Kansas is now embroiled in a 10th Circuit Court of Appeals case concerning whether requiring proof of citizenship in order to register to vote is constitutional.
The right of citizens to vote is addressed in several Amendments of the U.S. Constitution. Nowhere does it provide the right to vote to “persons” (used 49 times). The Constitution clearly limits that right to citizens.
The 18 U.S. Code 611 specifically states that “It shall be unlawful for any alien to vote” in federal or state elections unless state law allows it.
Democrats, the left, and the ACLU are continuously filing lawsuits to allow non-citizens to vote. All of them claim that proof of citizenship is not required. Checking a box is proof enough.
U.S. citizenship is a statement of our patriotism and pride in what our country stands for. Citizenship is a statement that an individual’s allegiance is to the U.S.
Even former New York mayor Bloomberg wrote that “Extending the most important benefits of citizenship to those who still hold their first allegiance to another country seems counterproductive.”
By what logic should we allow non-citizens, whose allegiance is not to the U.S., to have a say in how our country operates?
One commentator wrote that allowing non-citizens to vote is analogous to having a guest in your house who then directs how you run your home.

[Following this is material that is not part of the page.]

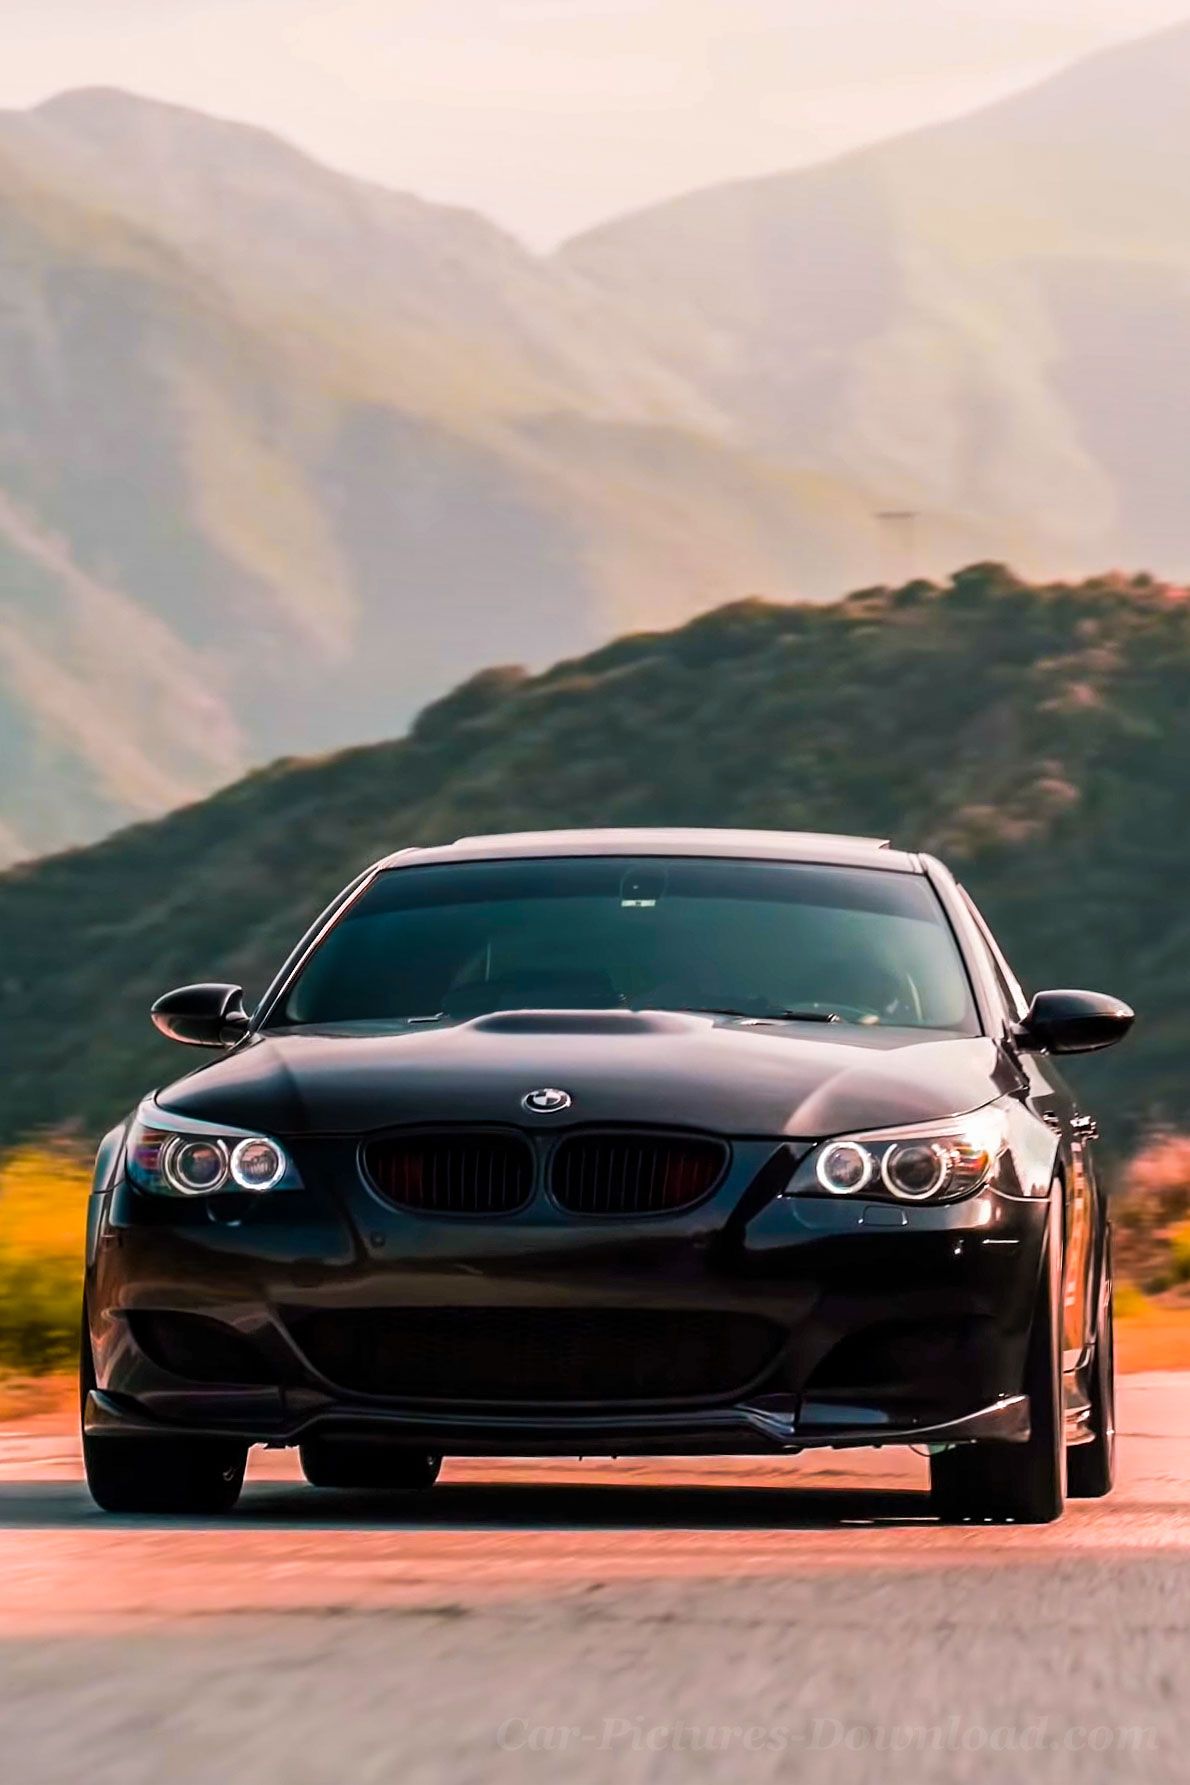 BMW M5 Wallpaper Image & Mobile Device Picture Download

Each vote by an illegal immigrant cancels the vote of a citizen who has a constitutional right to vote. Is that supposed to be fair?
Everyday life requires some proof of who we are. Getting some government jobs requires proof of citizenship, as does obtaining a passport or Social Security card.
A Republican resolution introduced in Congress earlier this month would have affirmed that only U.S. citizens have a right to vote. Democrats rejected it.
Of course, they would reject limiting the right to vote to citizens. An Old Dominion University and George Mason University study estimated that possibly 2.8 million illegal immigrants voted in the 2008 general election. An estimated 80 percent voted Democrat.
A May 2015 Rasmussen poll revealed that 53 percent of Democrats supported voting by illegal immigrants; 79 percent of Republicans opposed it as did 70 percent of unaffiliated voters.
A July 2018 Harris poll found that 91 percent of Republicans opposed allowing illegal immigrants to vote and 55 percent of Democrats agreed, as did 70 percent of unaffiliated voters.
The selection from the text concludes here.